» HOW TO COMPLETE THIS TASK: Within the lines below, the span from the line with "LEO ตั้ง 4 บริษัทใหม่" to the line with "Dámský oříškový zimní", both ends included, is to be reproduced exactly, with pictures omitted.

» RECORDS FOR THE TASK:
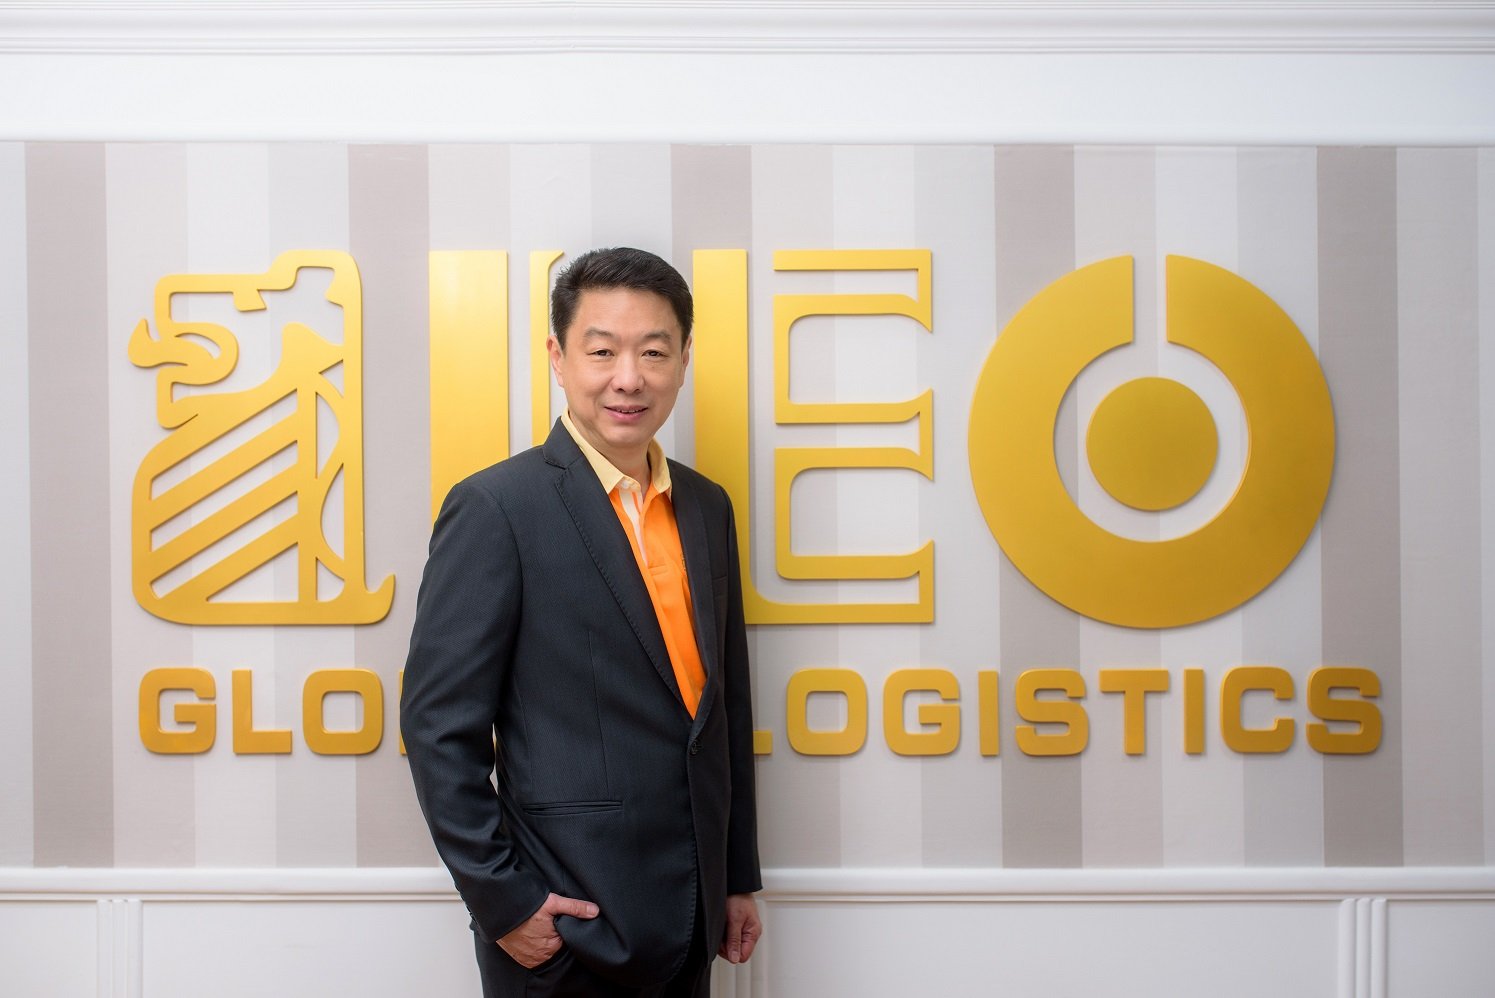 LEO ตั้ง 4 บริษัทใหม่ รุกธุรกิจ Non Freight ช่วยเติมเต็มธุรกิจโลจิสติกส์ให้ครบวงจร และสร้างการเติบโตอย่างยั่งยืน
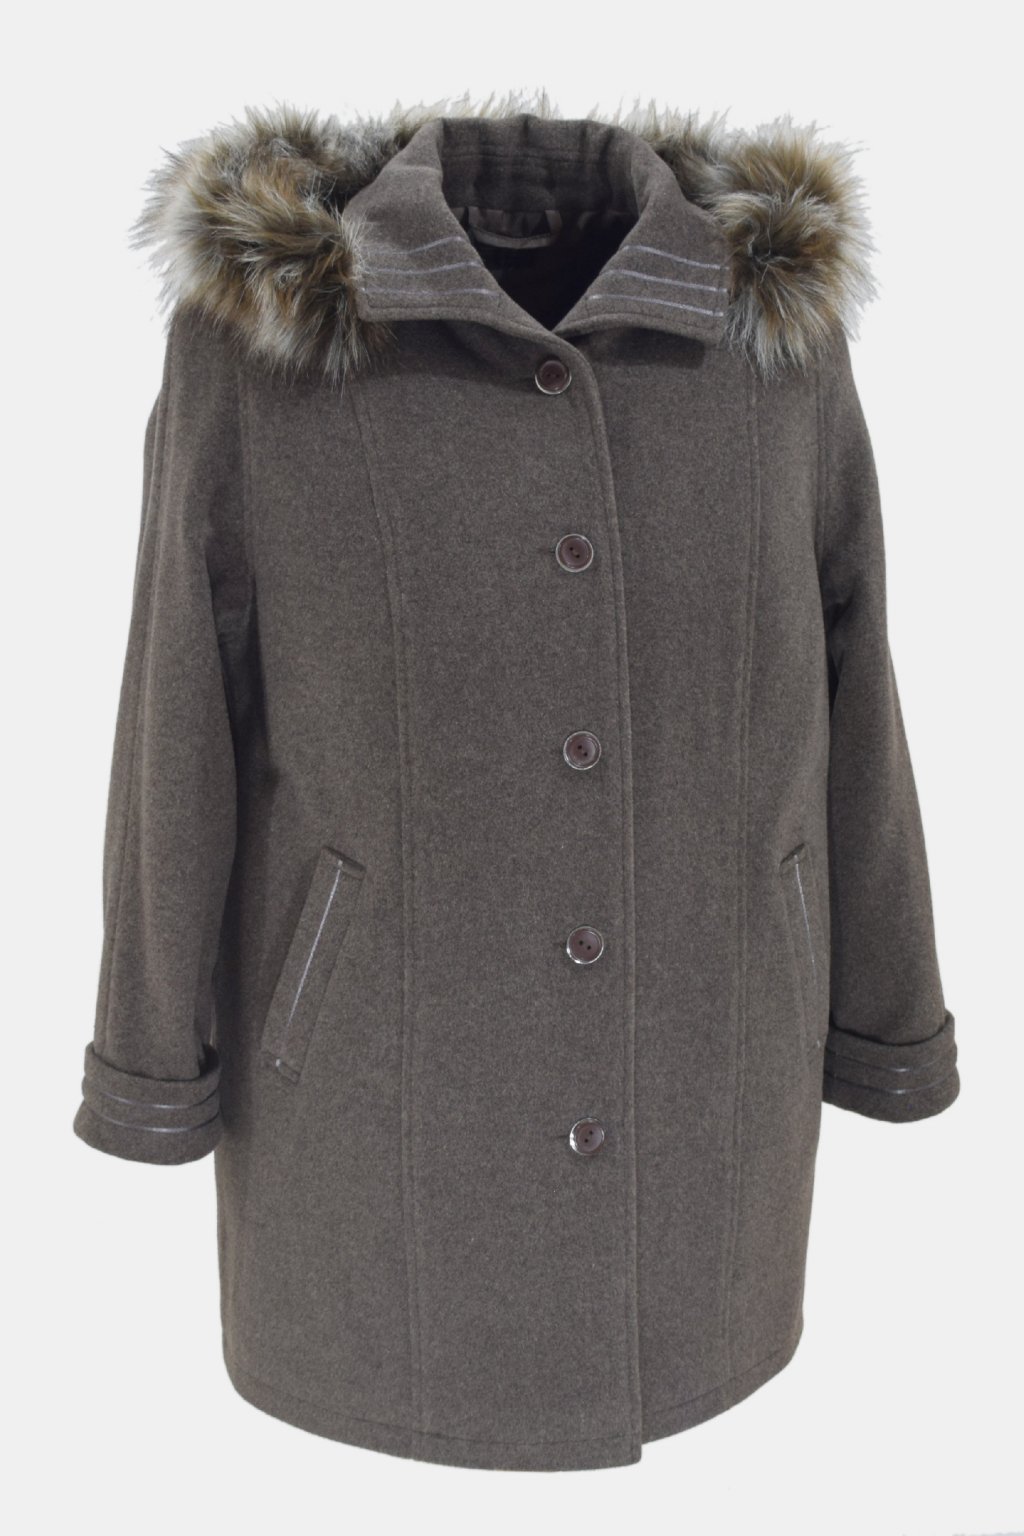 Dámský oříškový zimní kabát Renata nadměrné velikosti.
--
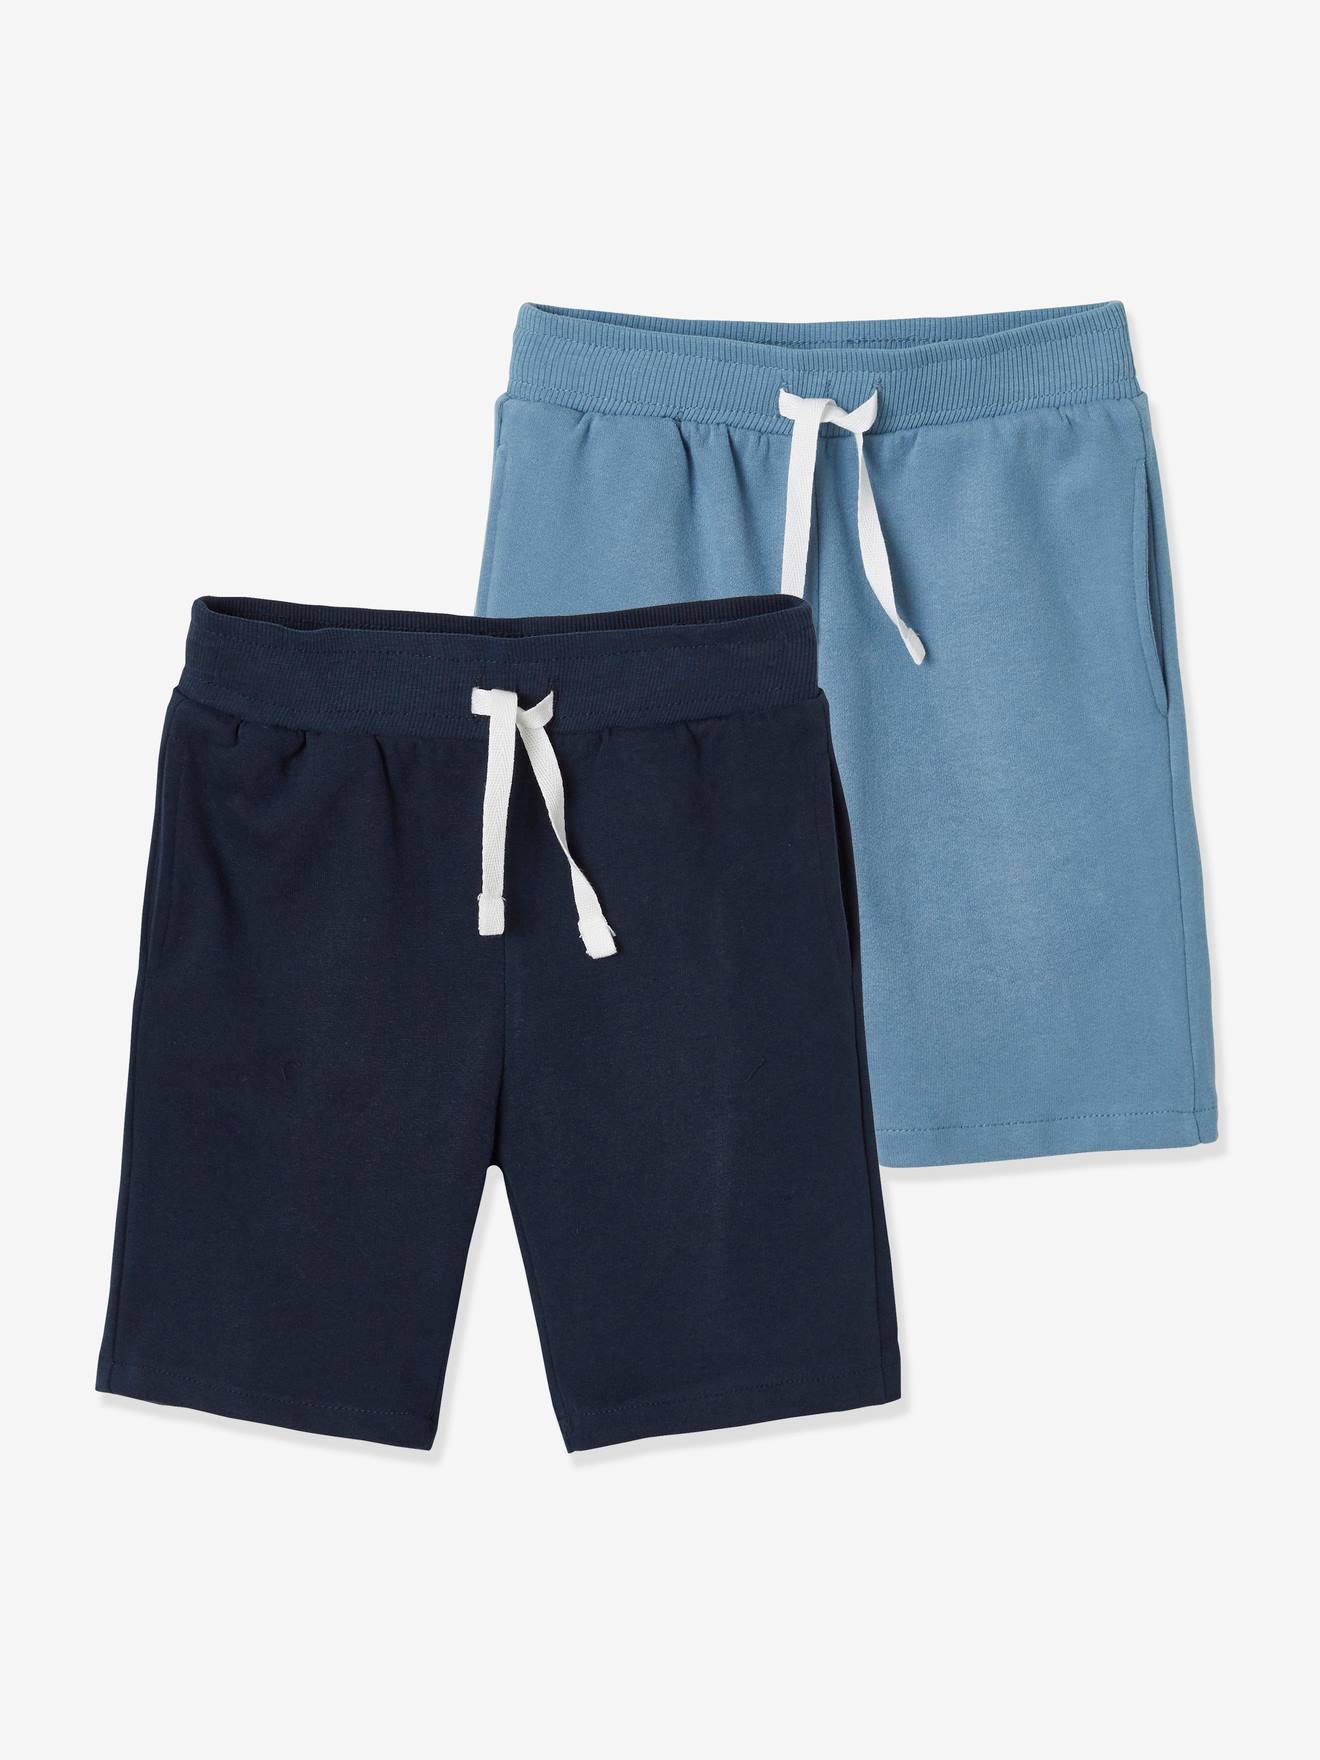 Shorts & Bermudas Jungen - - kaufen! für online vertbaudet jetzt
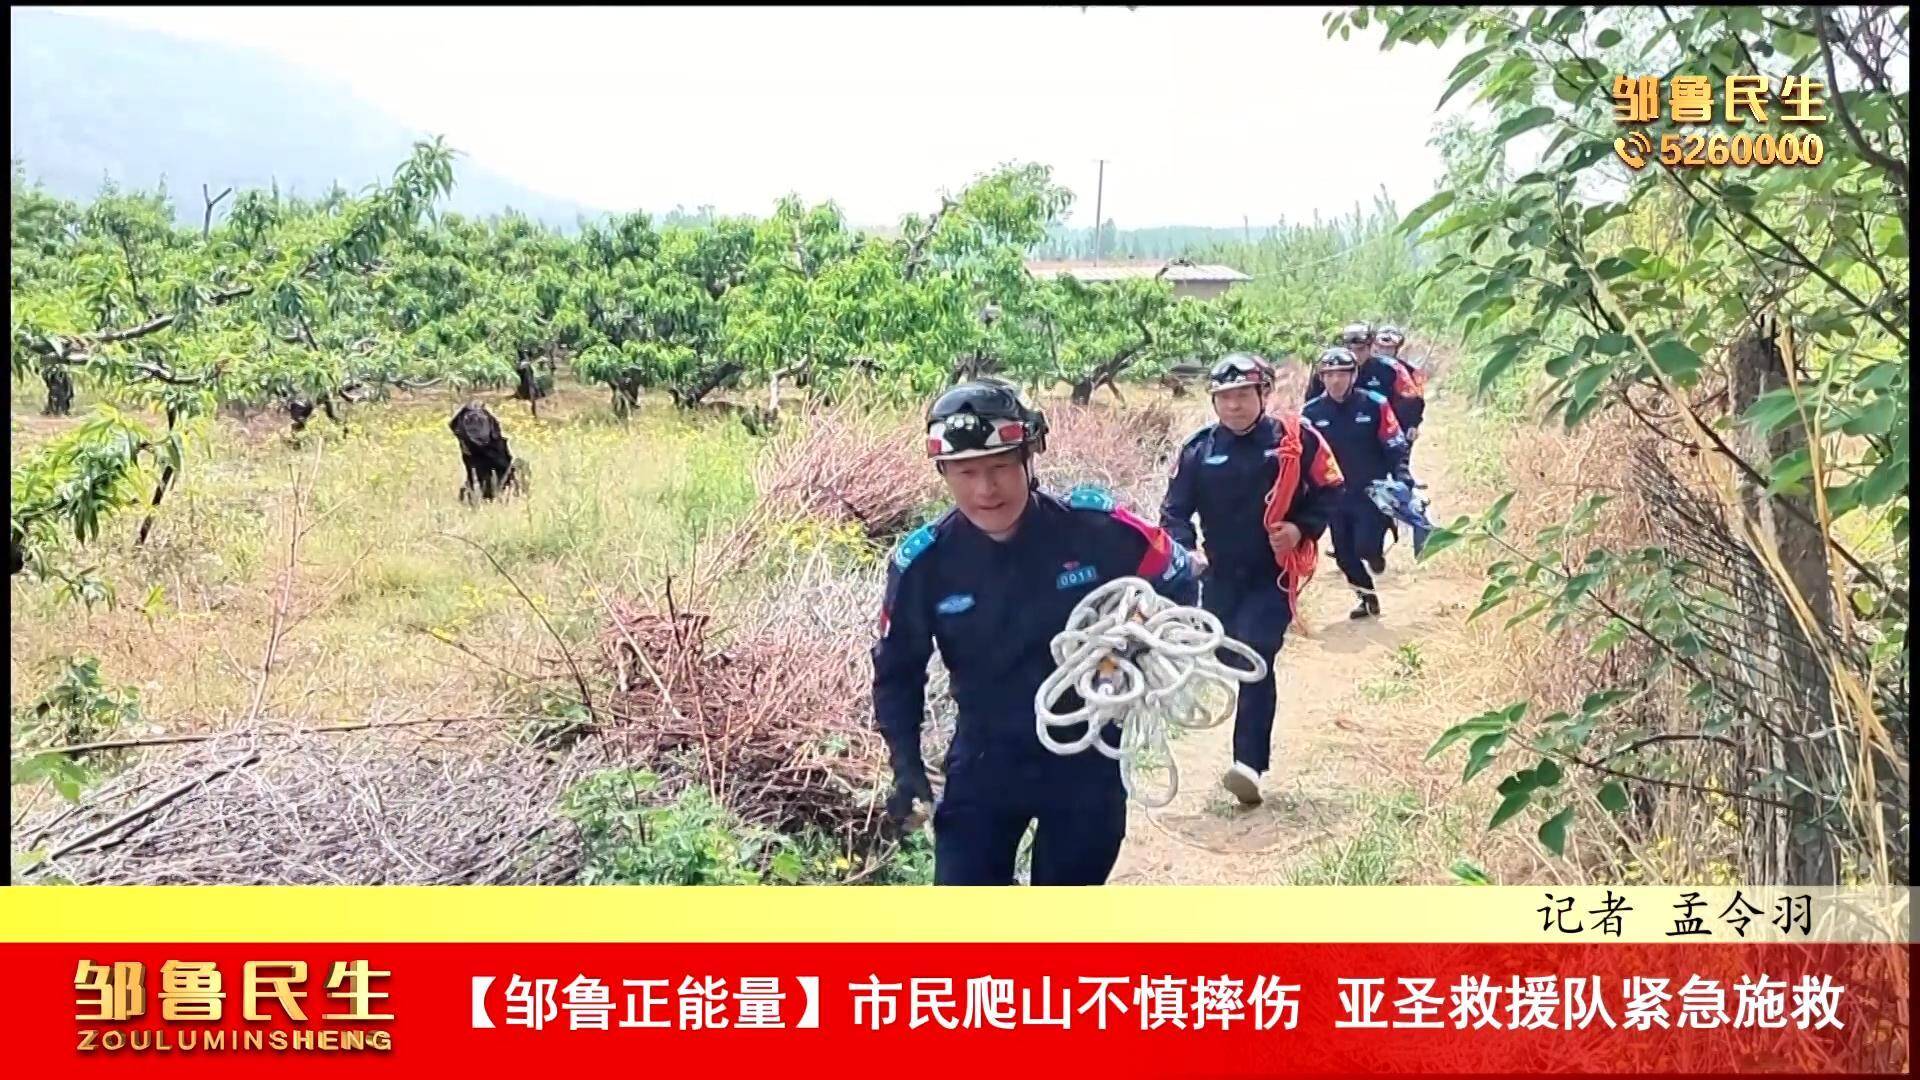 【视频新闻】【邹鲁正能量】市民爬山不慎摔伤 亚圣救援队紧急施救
--
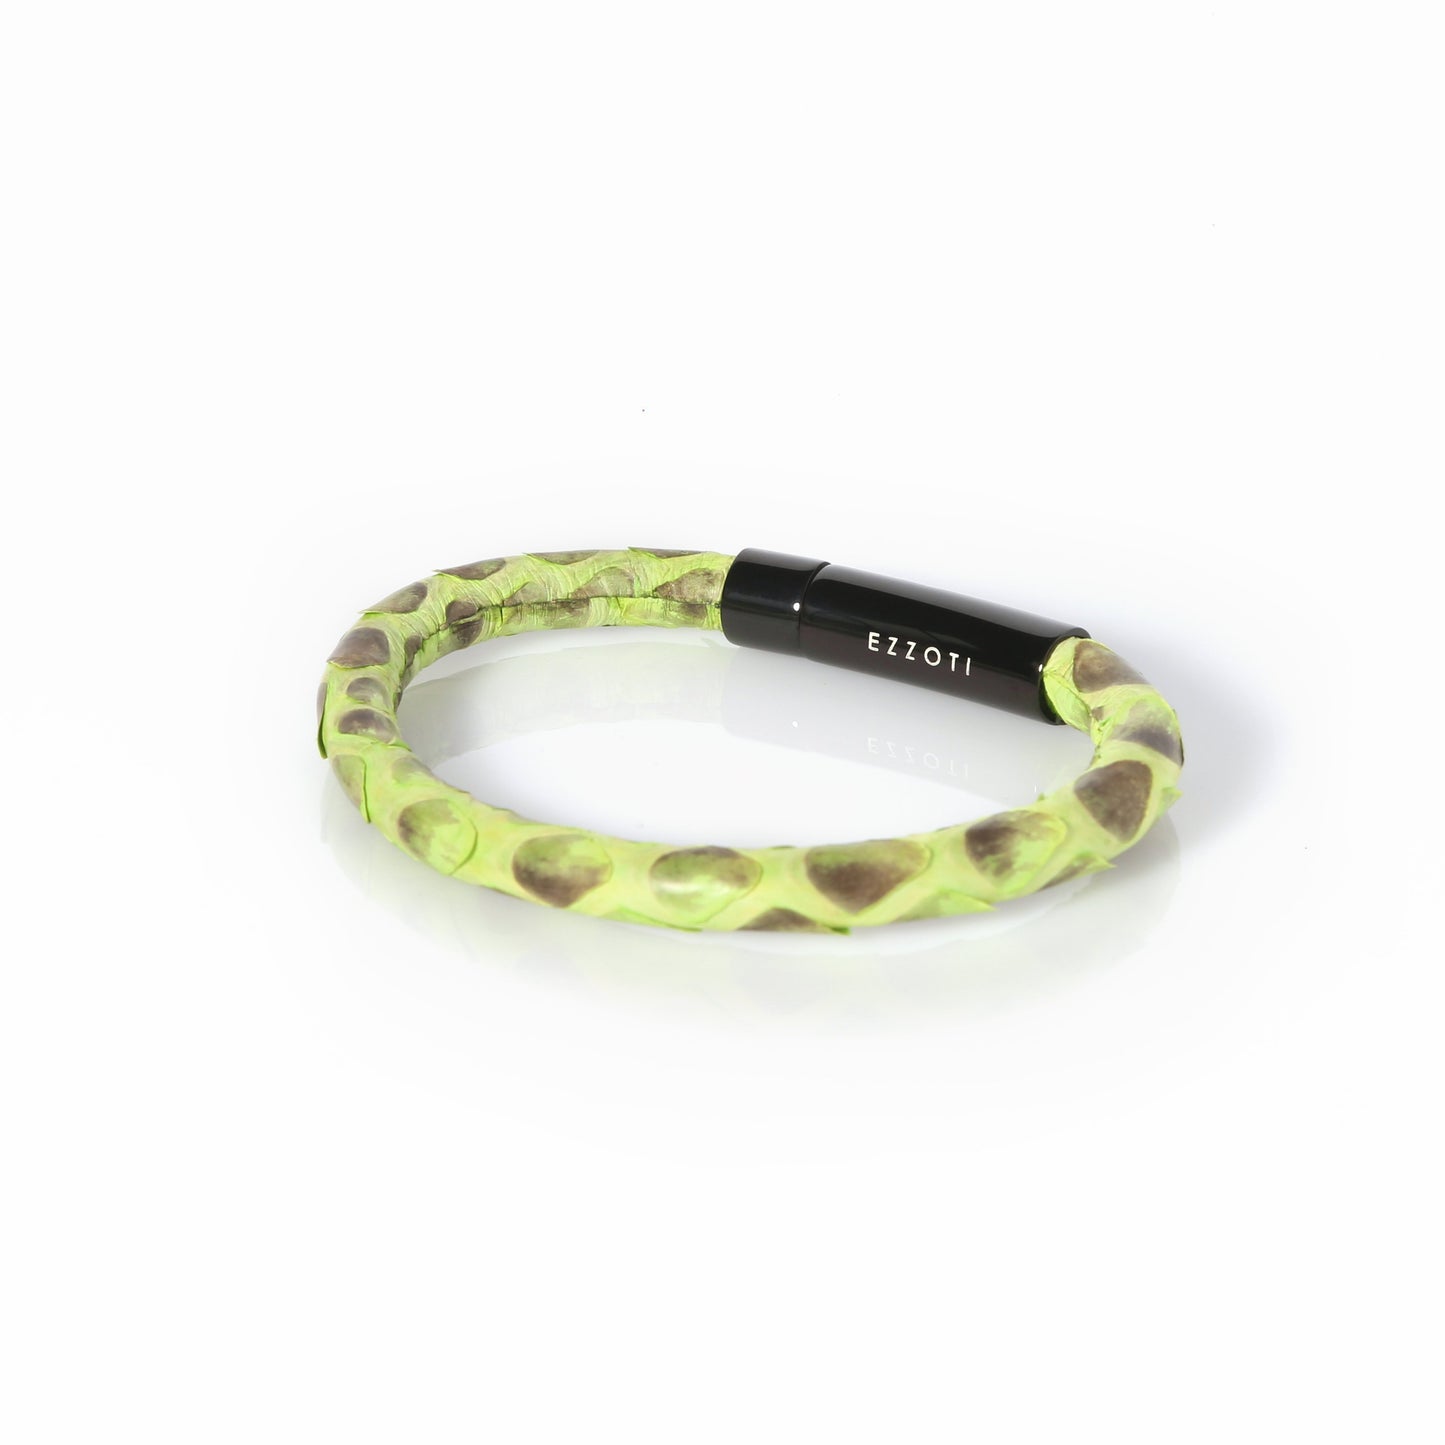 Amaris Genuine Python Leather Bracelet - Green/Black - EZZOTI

» TASK OUTPUT:
 LEO ตั้ง 4 บริษัทใหม่ รุกธุรกิจ Non Freight ช่วยเติมเต็มธุรกิจโลจิสติกส์ให้ครบวงจร และสร้างการเติบโตอย่างยั่งยืน
 Dámský oříškový zimní kabát Renata nadměrné velikosti.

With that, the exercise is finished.